Toda cultura opera assim uma divisão entre ela mesma, que se afirma como representação por excelência do humano, e os outros, que participam da humanidade apenas em grau menor. O discurso que as sociedades primitivas fazem sobre si mesmas, discurso condensado nos nomes que elas se dão, é, portanto etnocêntrico de uma ponta á outra: afirmação da superioridade de sua existência cultural, recusa de reconhecer os outros como iguais. O etnocentrismo aparece então como a coisa do mundo mais bem distribuída e, desse ponto de vista pelo menos, a cultura do Ocidente não se distingue das outras. Convém mesmo, aprofundando um pouco mais a análise, pensar o etnocentrismo como uma propriedade formal de toda formação cultural, como imanente à própria cultura. Pertence à essência da cultura ser etnocêntrica, na medida exata em que toda cultura se considera como a cultura por excelência. Em outras palavras, a alteridade cultural nunca é apreendida como diferença positiva, mas sempre como inferioridade segundo um eixo hierárquico” (Clastres, 2004:85-86).

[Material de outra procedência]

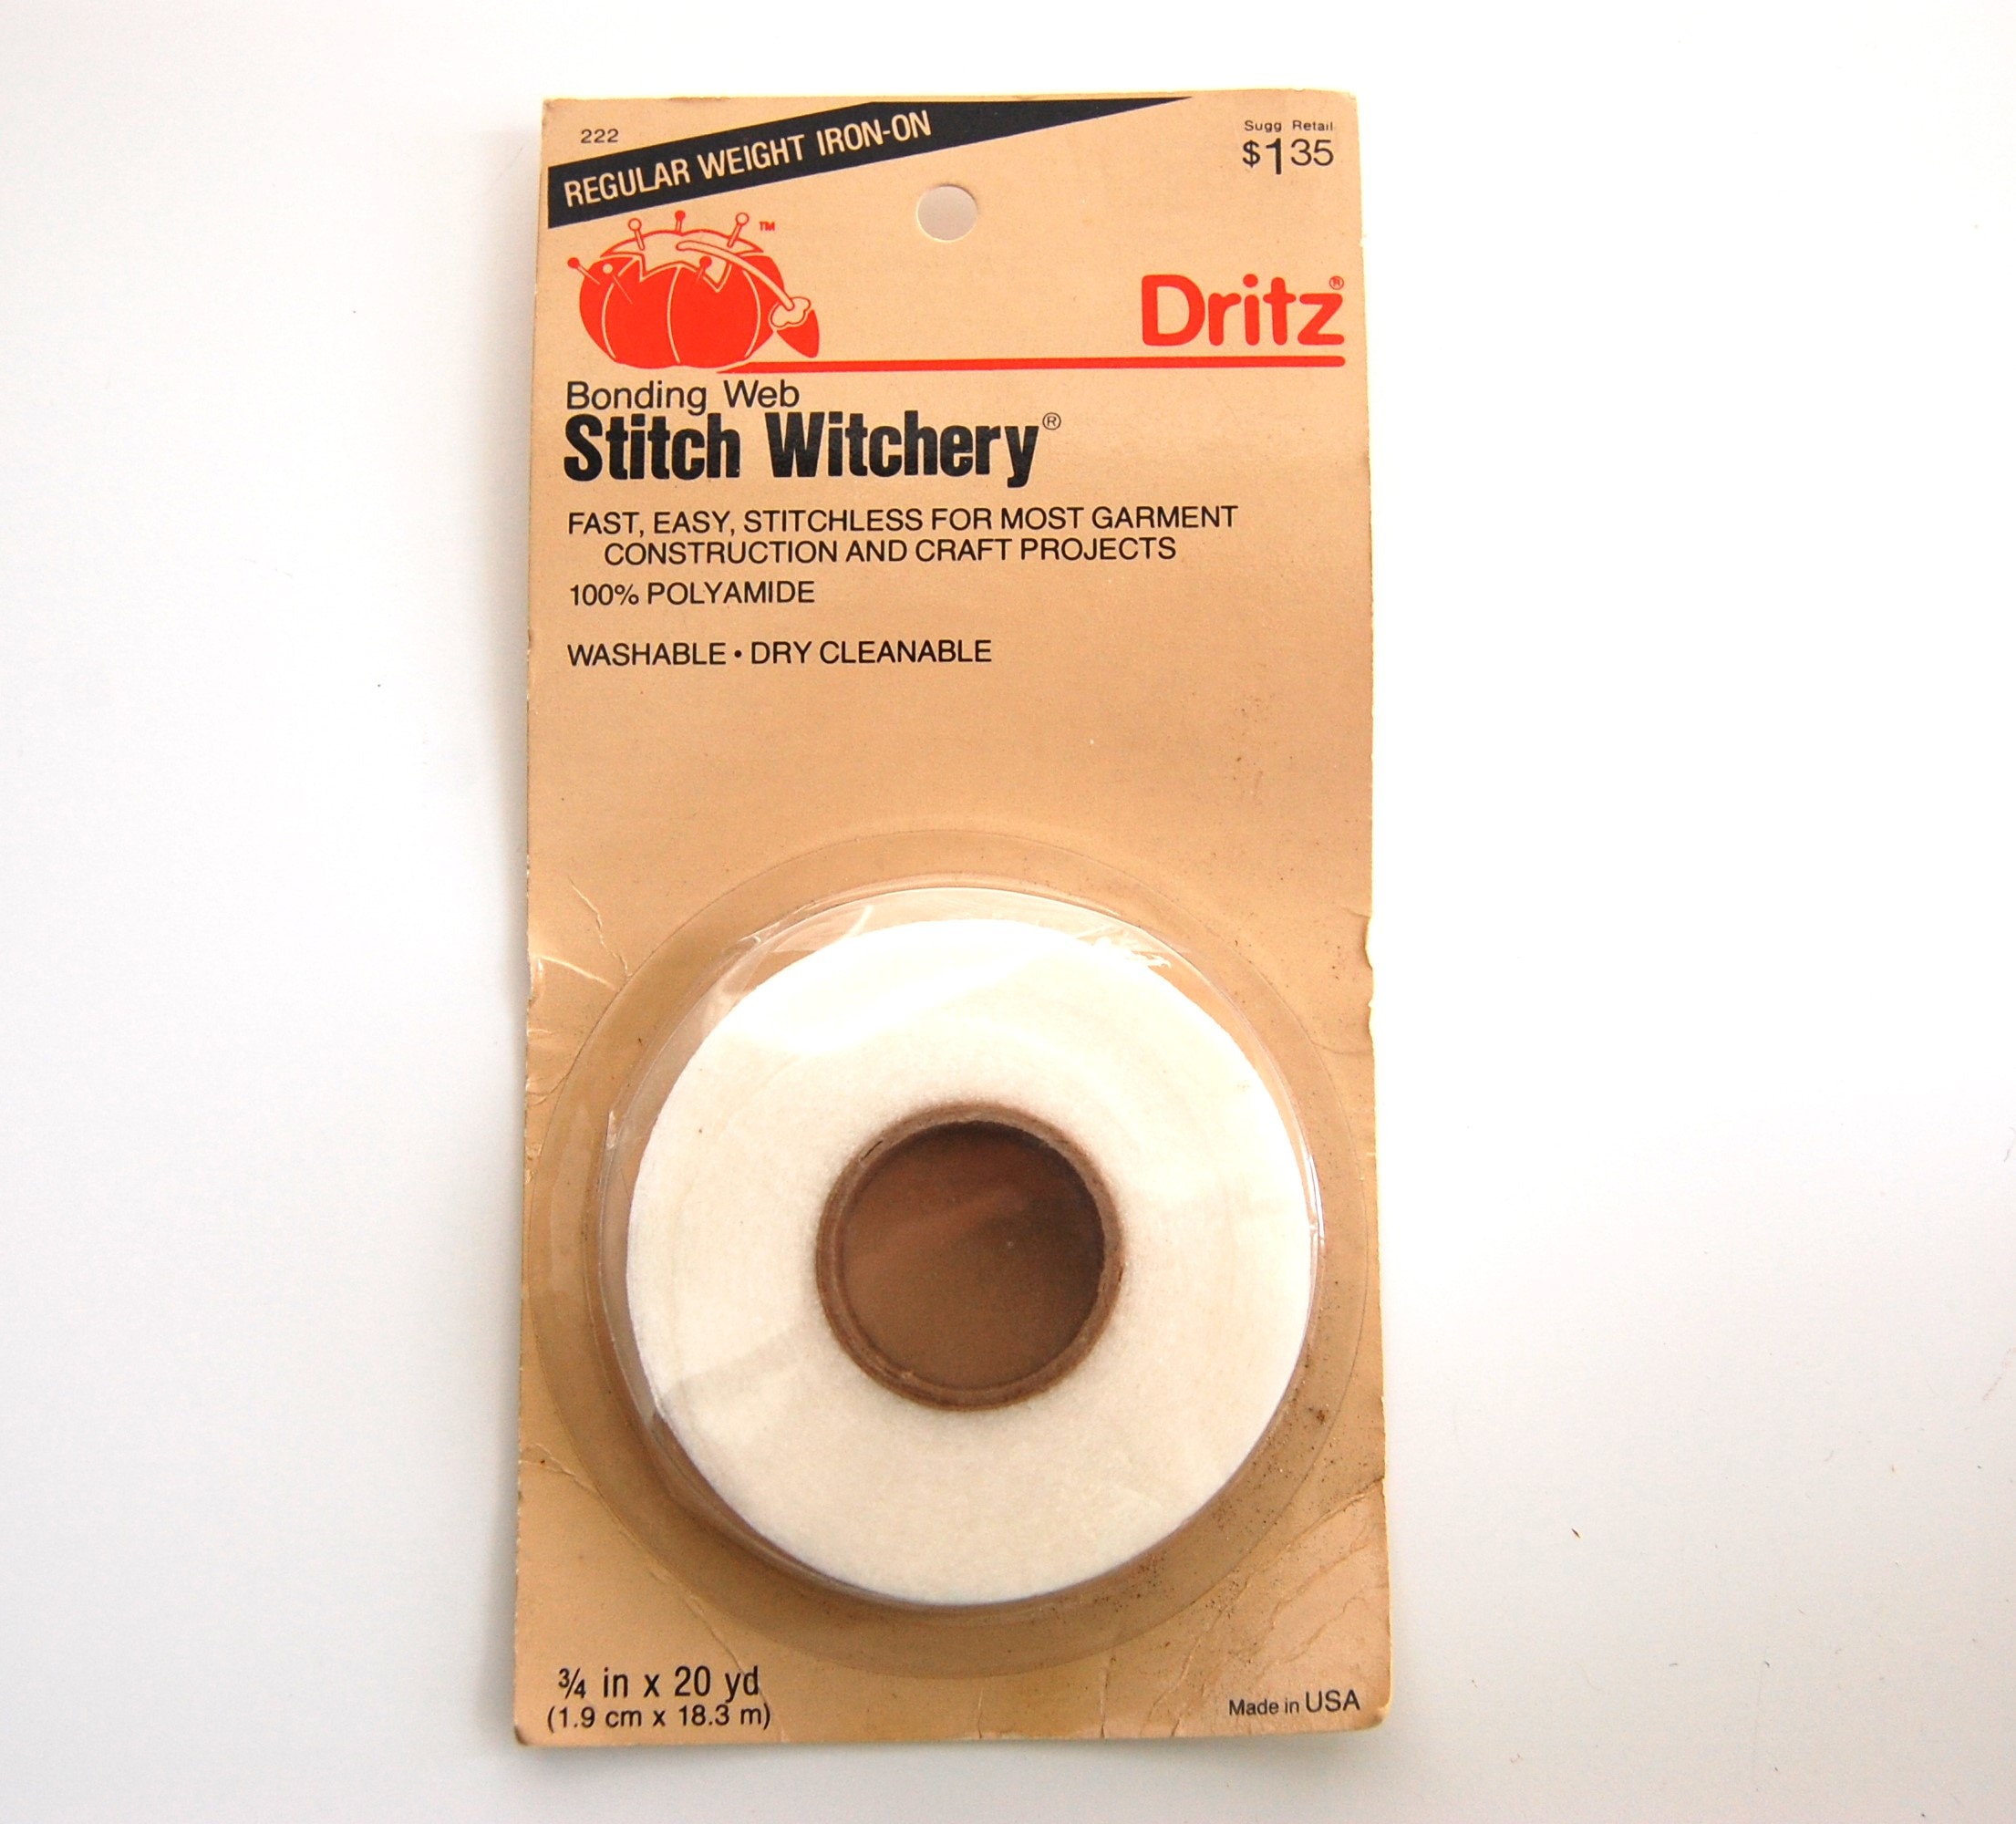 How to Use Dritz Stitch Witchery
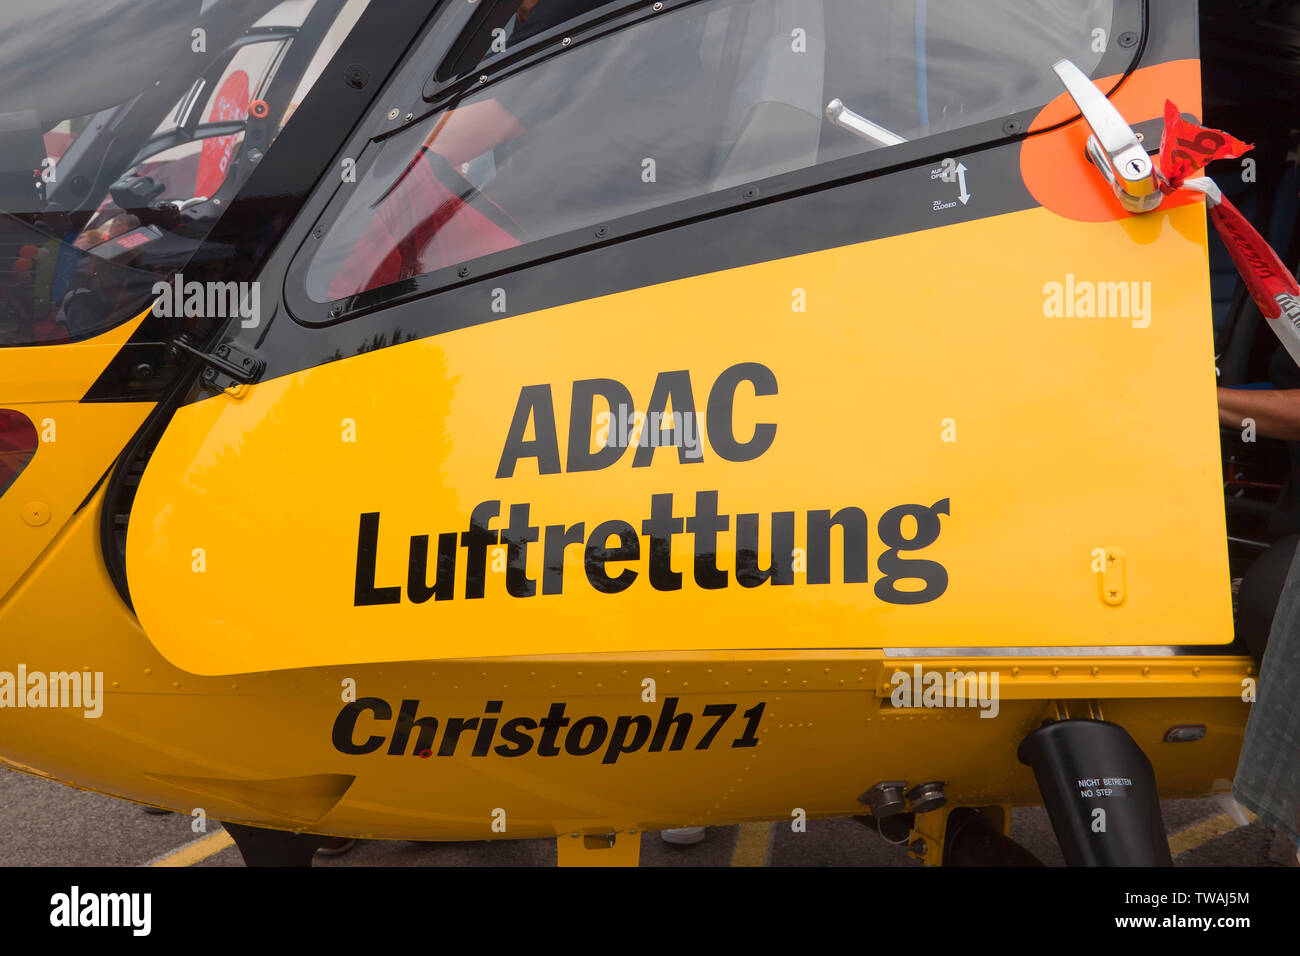 ADAC Luftrettung gGmbH fait partie de la fonction de système de secours en Allemagne et est alerté par le numéro d'urgence européen 112 Banque D'Images

Desta forma é aceito que o etnocídio, “é a supressão das diferenças culturais julgadas inferiores e más”; é a aplicação de um princípio de identificação, de um projeto de redução do outro ao mesmo, como ocorre, por exemplo, com o índio amazônico suprimido como outro e reduzido ao tempo como cidadão brasileiro. Em outras palavras, o etnocídio resulta na dissolução do múltiplo no Um. O que significa agora o Estado? Ele é, por essência, o emprego de uma força centrípeta que tende, quando as circunstâncias o exigem, a esmagar as forças centrífugas inversas. O Estado se quer e se proclama o centro da sociedade, o todo do corpo social, o mestre absoluto dos diversos órgãos desse corpo. Descobre-se assim, no núcleo mesmo dessa substância do Estado, a força atuante do Um, a vocação de recusa do múltiplo, o temor e o horror da diferença. Nesse nível formal em que nos situamos atualmente, afirma P. Clastres, “constata-se que a prática etnocida e a máquina estatal funcionam da mesma maneira e produzem os mesmos efeitos: sob as espécies da civilização ocidental ou do Estado, revelam-se sempre a vontade de redução da diferença e da alteridade, o sentido e o gosto do idêntico e do Um”.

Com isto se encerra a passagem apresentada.